COLLECTED MATERIAL: Begin

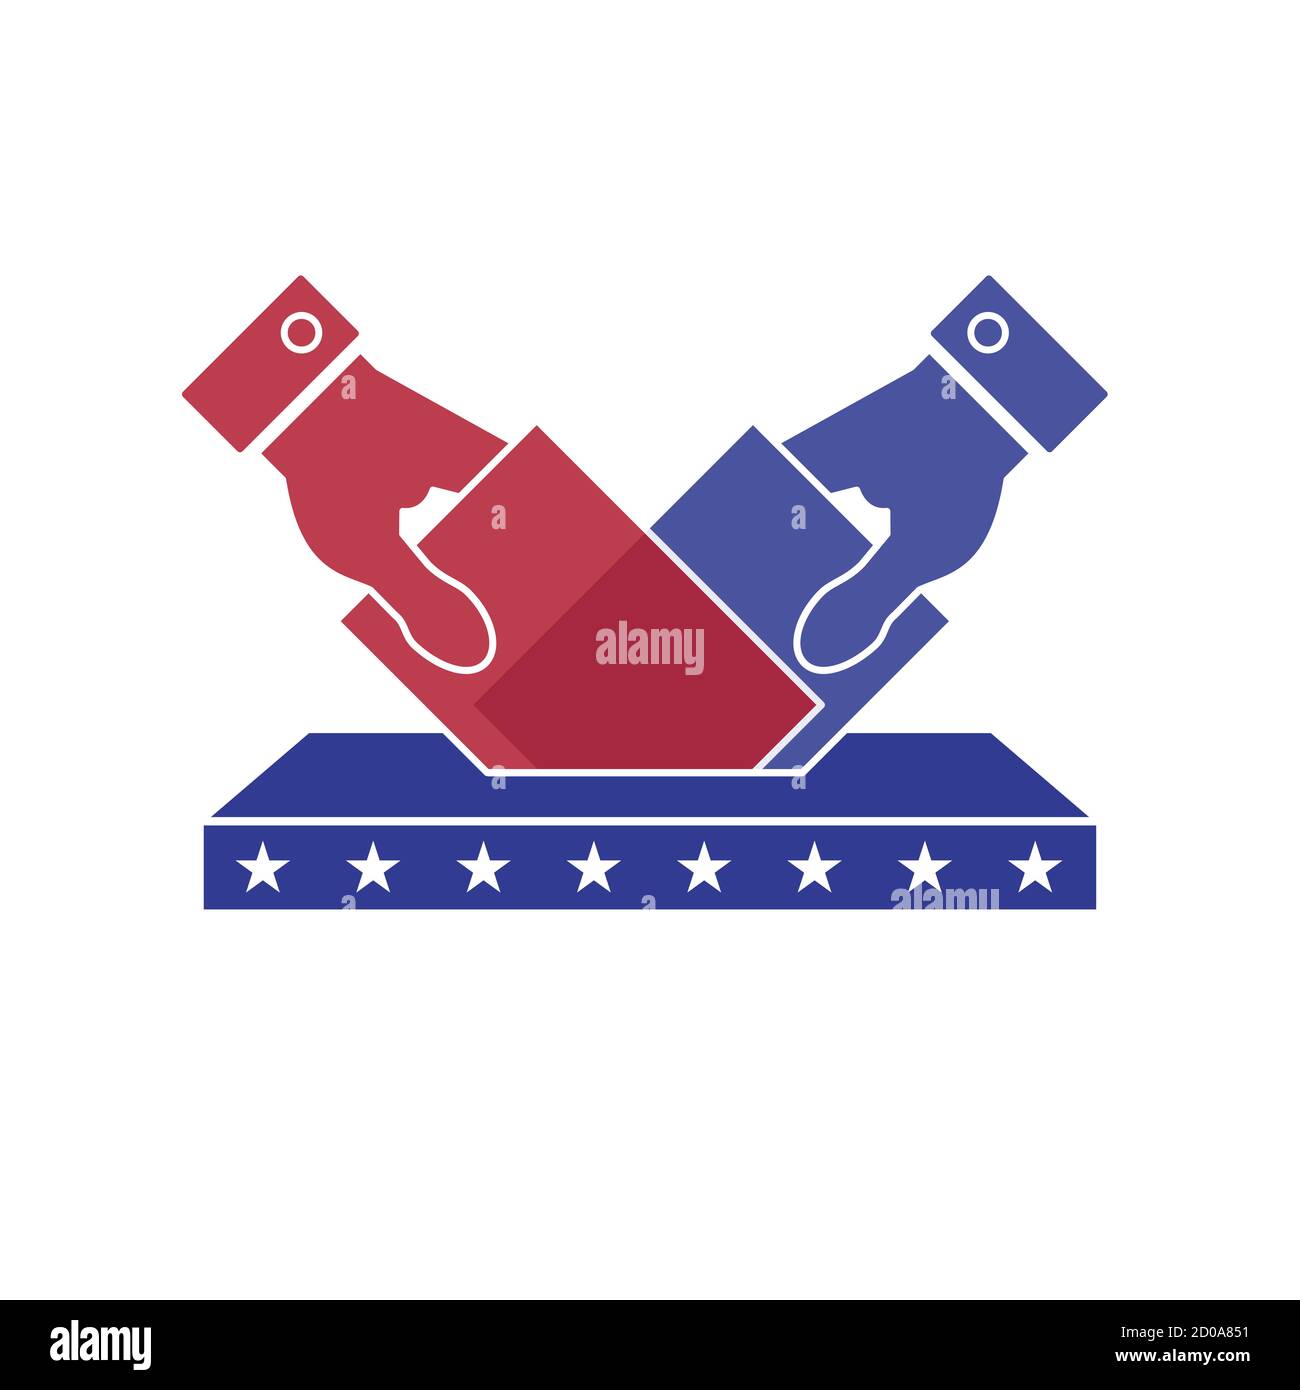 Two hands putting voting icon. 2020 United States presidential election. illustration. Stock Photo
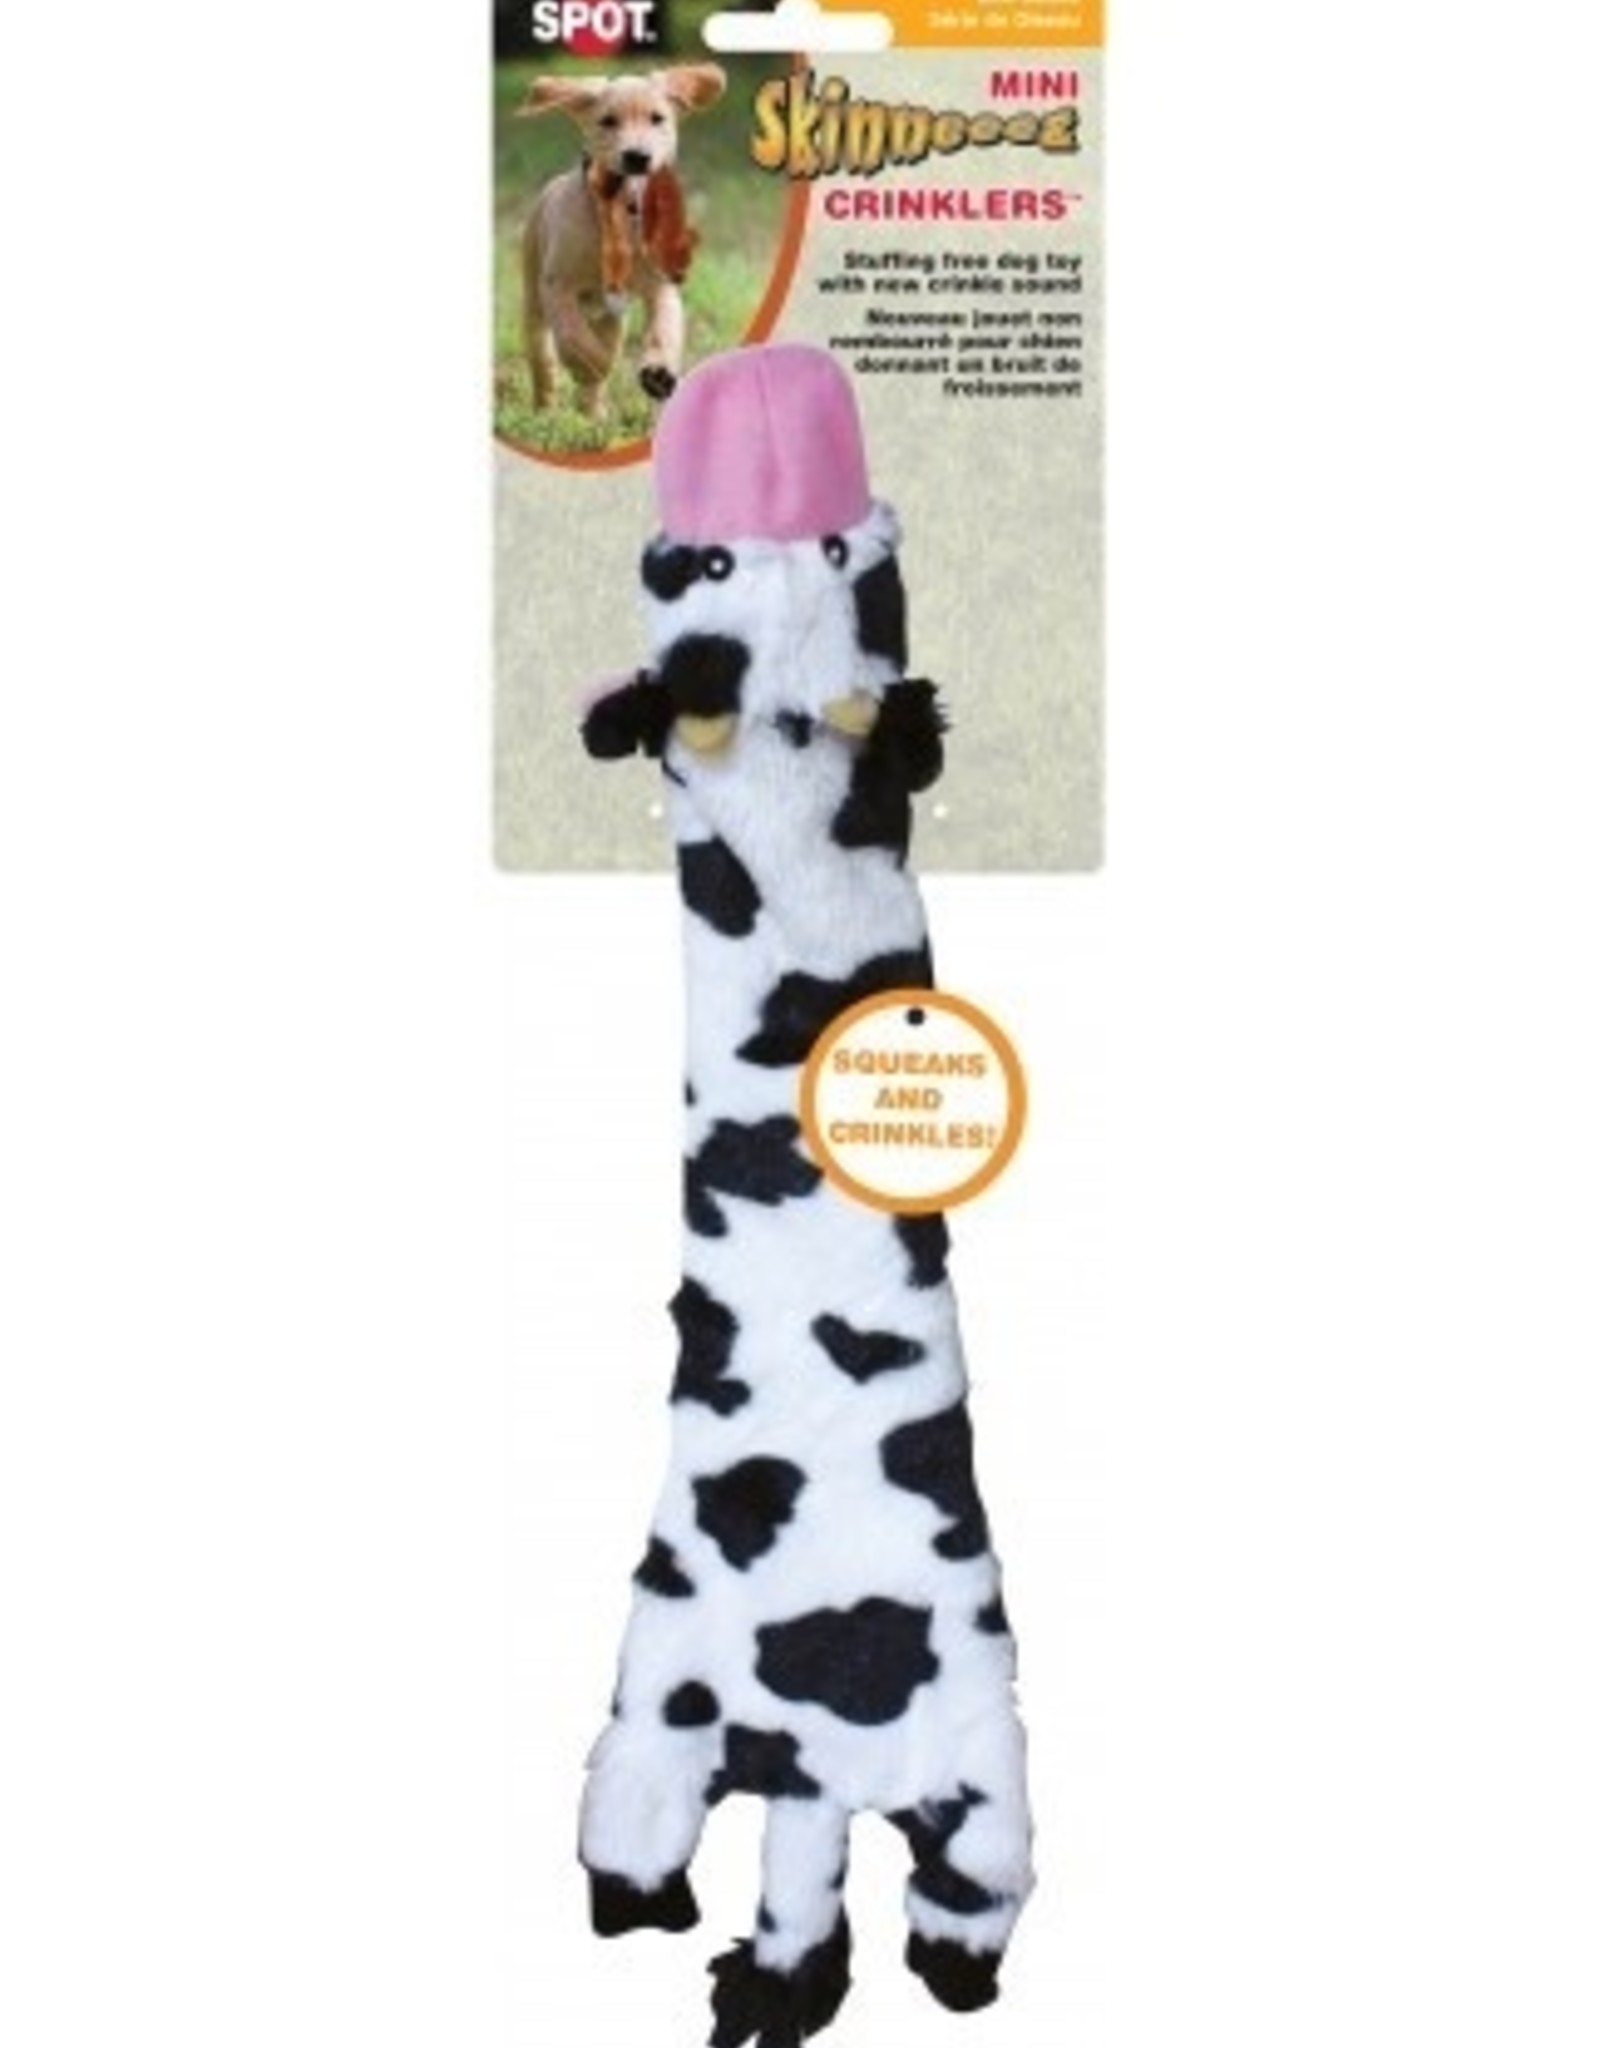 ETHICAL PRODUCTS, INC. SKINNEEEZ CRINKLER COW 14"
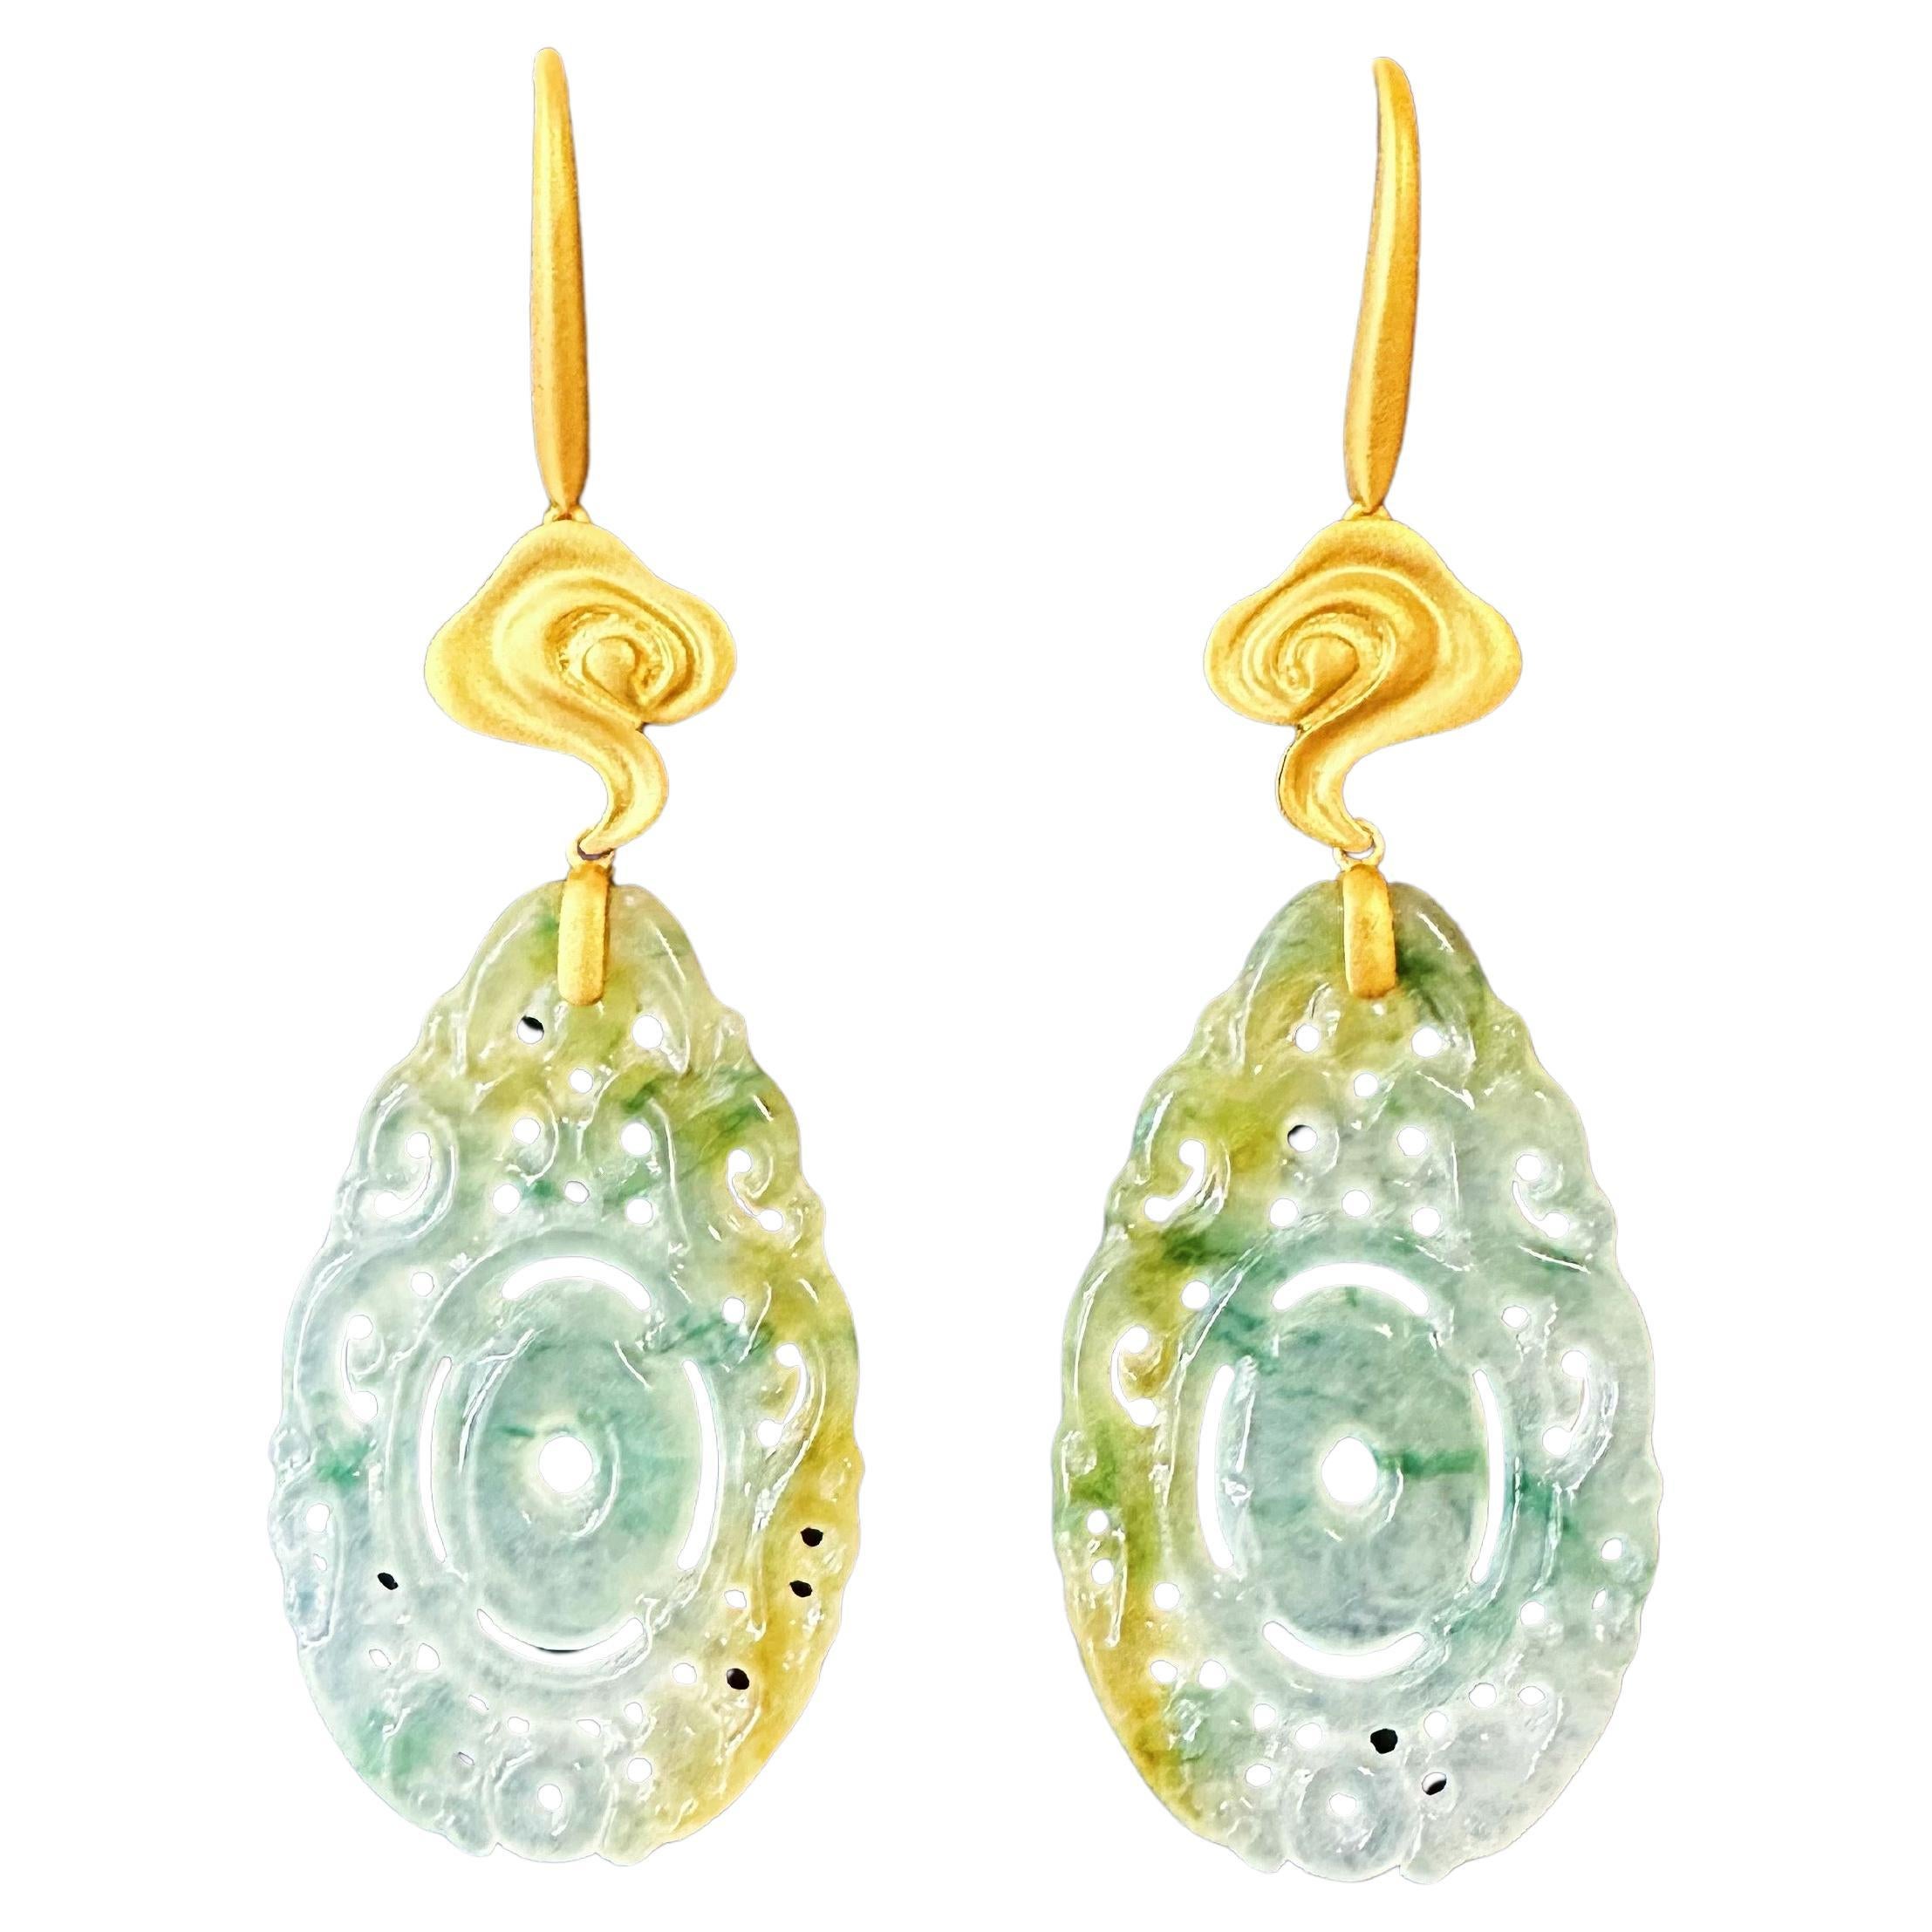 Introducing our extraordinary bicolor jade earrings, a pinnacle of refined elegance and timeless sophistication. These exquisitely handcrafted earrings feature meticulously selected icy-type jade pieces, meticulously shaped to perfection.

These

COLLECTED MATERIAL: End

### TASK DETAILS
Give the listing again in full, exactly as it is, but without its images.

### EXERCISE ANSWER
 Two hands putting voting icon. 2020 United States presidential election. illustration. Stock Photo
 ETHICAL PRODUCTS, INC. SKINNEEEZ CRINKLER COW 14"
 Introducing our extraordinary bicolor jade earrings, a pinnacle of refined elegance and timeless sophistication. These exquisitely handcrafted earrings feature meticulously selected icy-type jade pieces, meticulously shaped to perfection.

These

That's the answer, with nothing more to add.